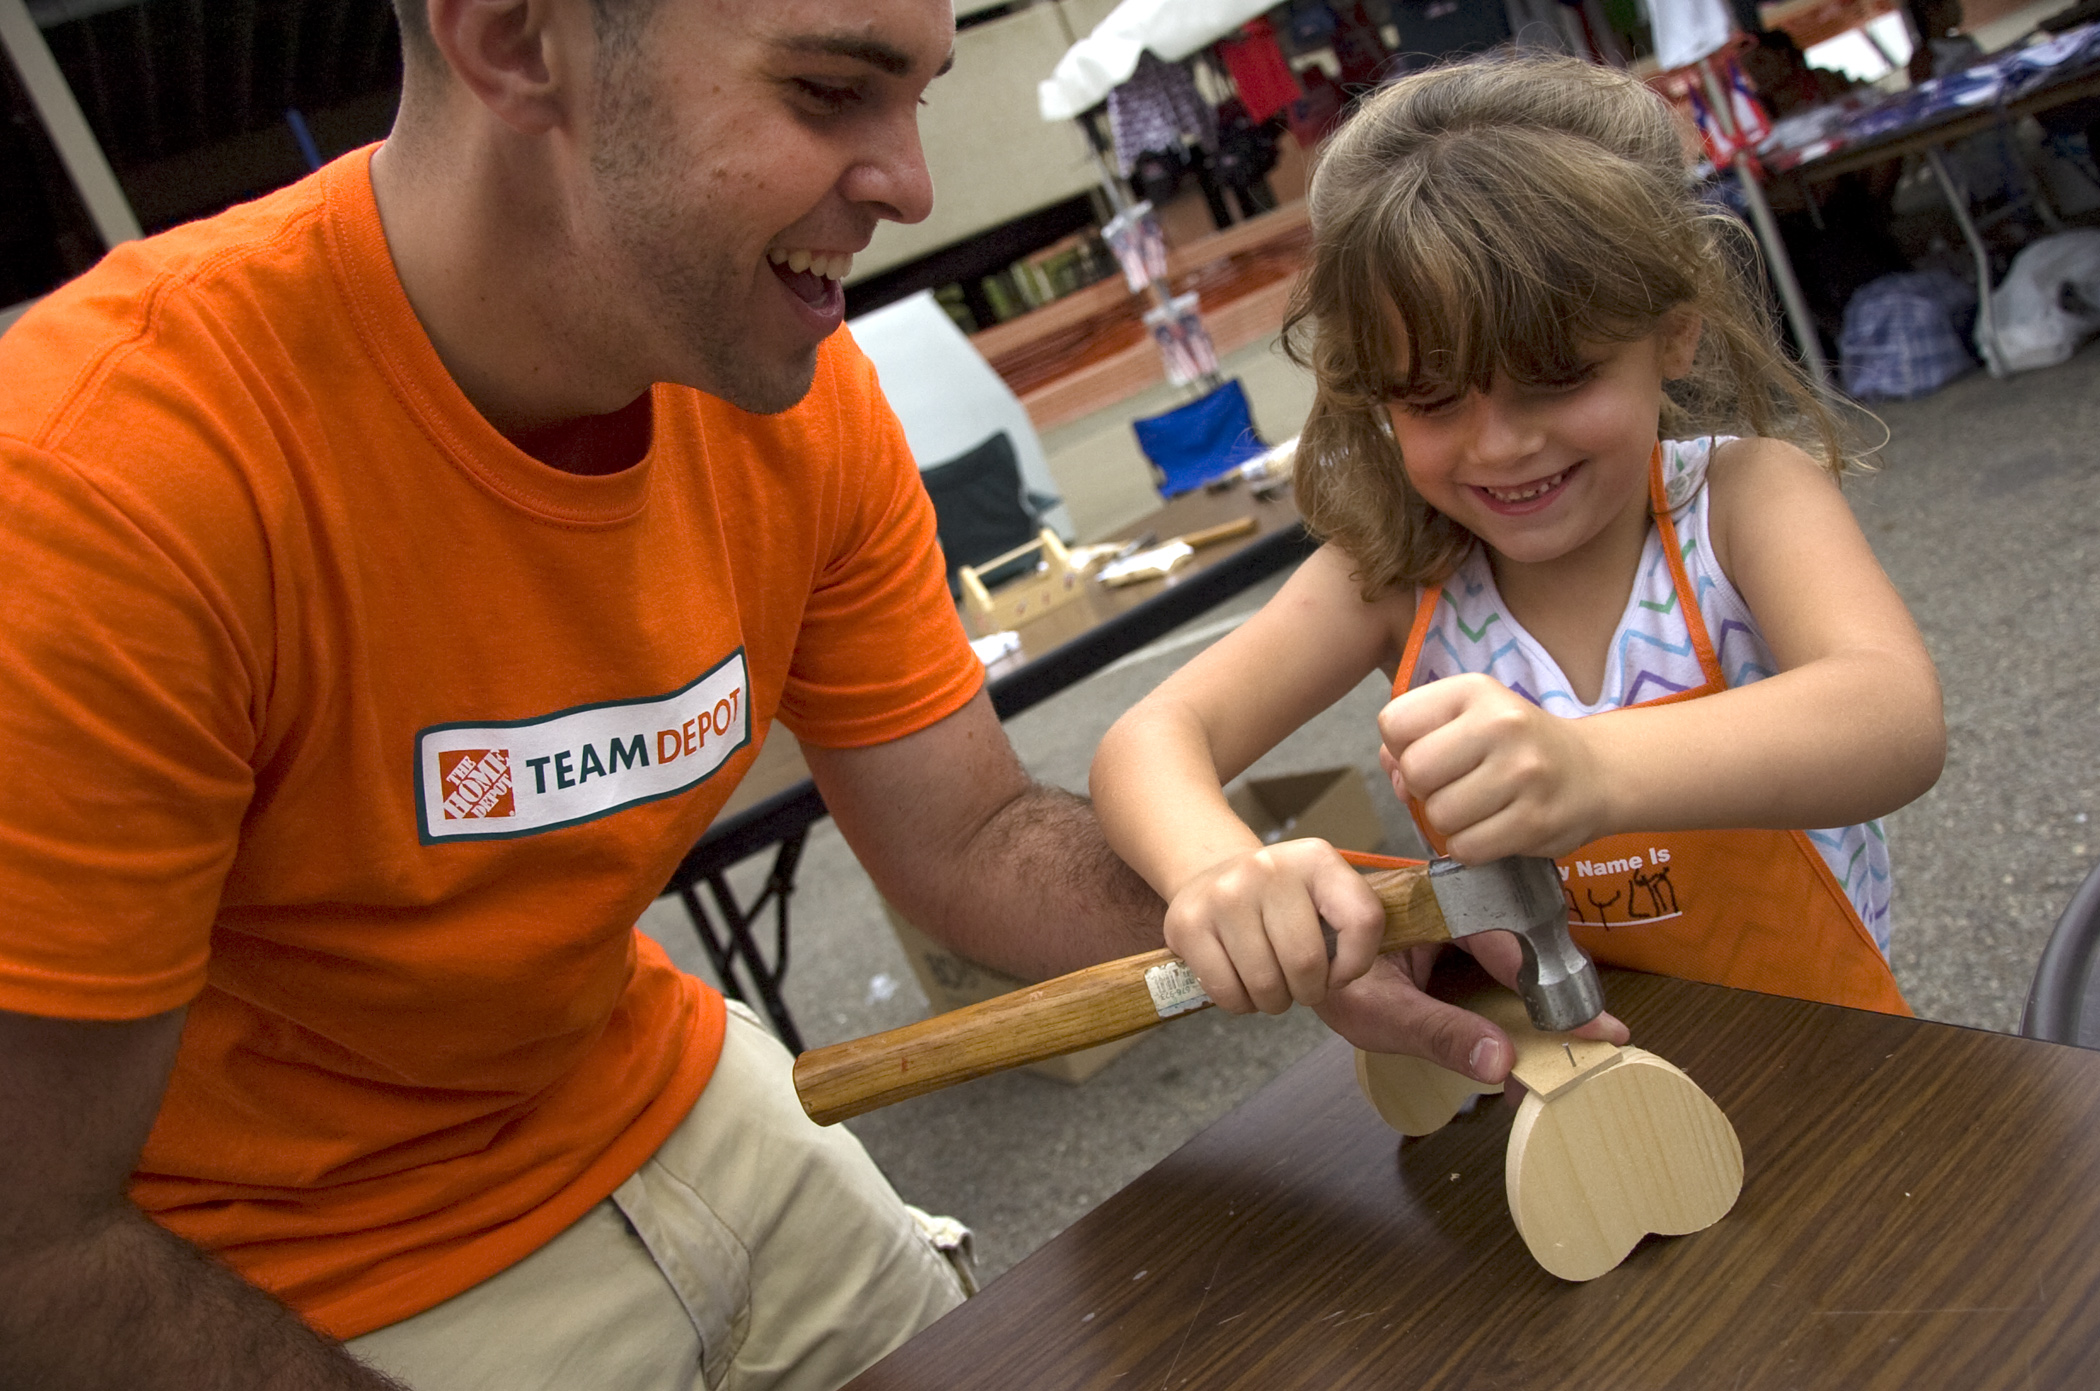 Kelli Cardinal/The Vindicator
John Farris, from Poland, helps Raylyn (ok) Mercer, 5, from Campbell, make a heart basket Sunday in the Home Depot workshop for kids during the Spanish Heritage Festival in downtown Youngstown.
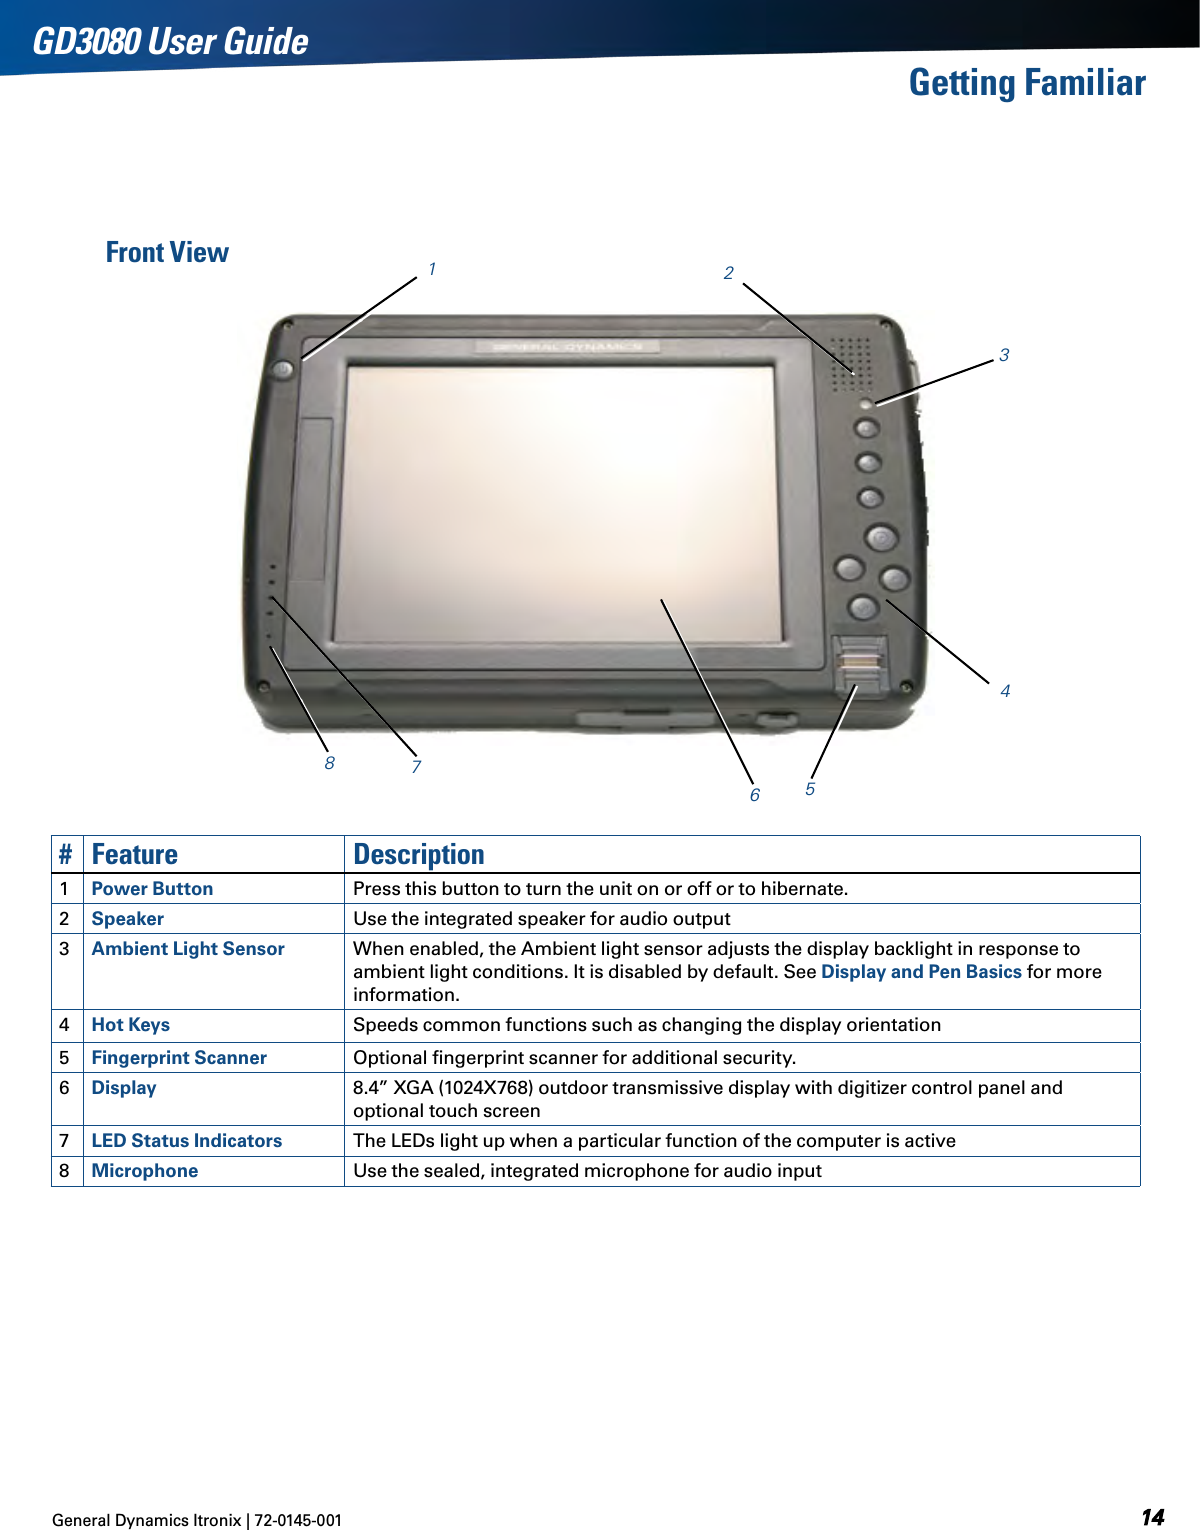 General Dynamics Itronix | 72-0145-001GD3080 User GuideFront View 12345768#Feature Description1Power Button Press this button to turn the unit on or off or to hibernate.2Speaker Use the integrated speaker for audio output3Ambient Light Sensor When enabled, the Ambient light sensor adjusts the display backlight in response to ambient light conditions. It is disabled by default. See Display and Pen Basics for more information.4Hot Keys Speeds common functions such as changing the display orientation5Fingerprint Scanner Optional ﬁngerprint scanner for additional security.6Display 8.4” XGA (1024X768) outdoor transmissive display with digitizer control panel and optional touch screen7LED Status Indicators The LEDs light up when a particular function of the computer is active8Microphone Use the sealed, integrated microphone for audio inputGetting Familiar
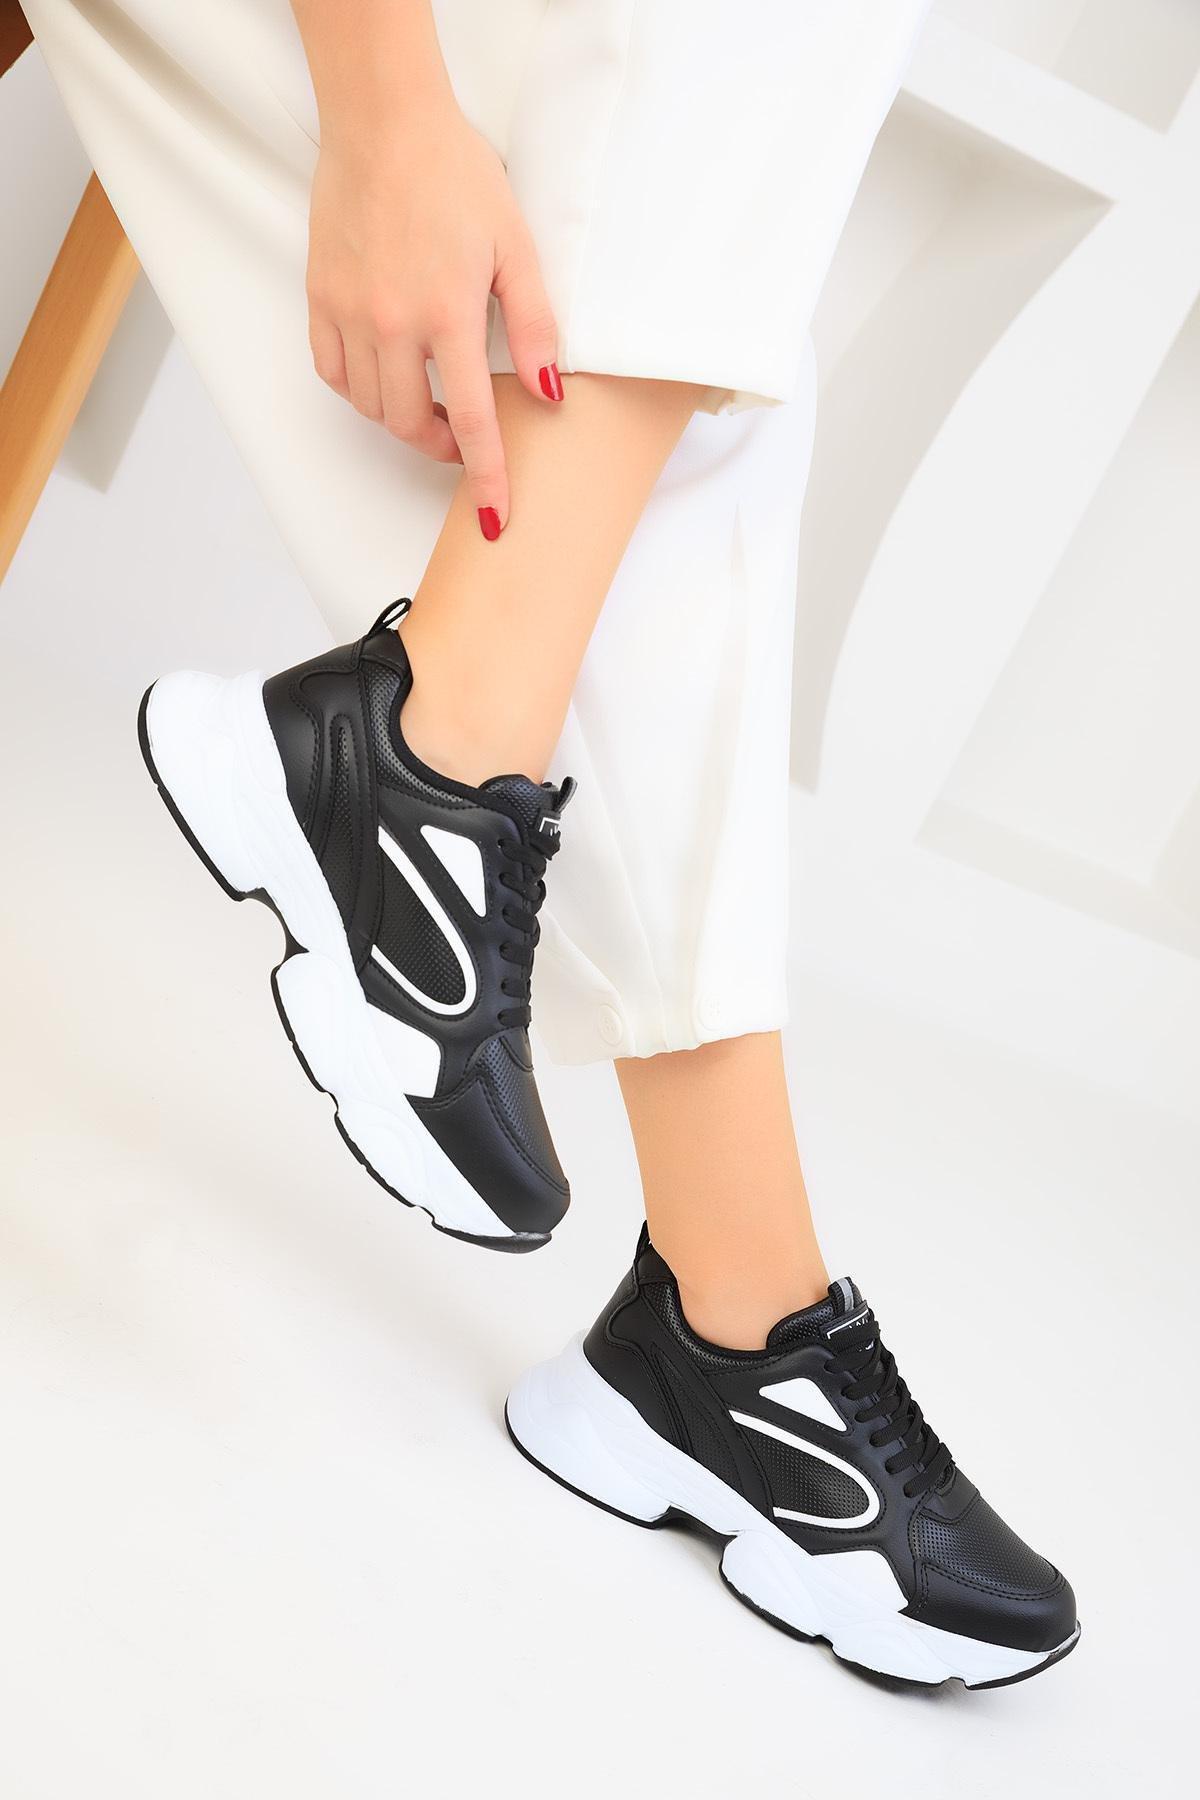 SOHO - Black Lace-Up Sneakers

**HOW TO COMPLETE THIS TASK:**
The expected output is the material above, repeated exactly and free of pictures.

**RESPONSE:**
 Kelli Cardinal/The Vindicator
John Farris, from Poland, helps Raylyn (ok) Mercer, 5, from Campbell, make a heart basket Sunday in the Home Depot workshop for kids during the Spanish Heritage Festival in downtown Youngstown.
 General Dynamics Itronix | 72-0145-001GD3080 User GuideFront View 12345768#Feature Description1Power Button Press this button to turn the unit on or off or to hibernate.2Speaker Use the integrated speaker for audio output3Ambient Light Sensor When enabled, the Ambient light sensor adjusts the display backlight in response to ambient light conditions. It is disabled by default. See Display and Pen Basics for more information.4Hot Keys Speeds common functions such as changing the display orientation5Fingerprint Scanner Optional ﬁngerprint scanner for additional security.6Display 8.4” XGA (1024X768) outdoor transmissive display with digitizer control panel and optional touch screen7LED Status Indicators The LEDs light up when a particular function of the computer is active8Microphone Use the sealed, integrated microphone for audio inputGetting Familiar
 SOHO - Black Lace-Up Sneakers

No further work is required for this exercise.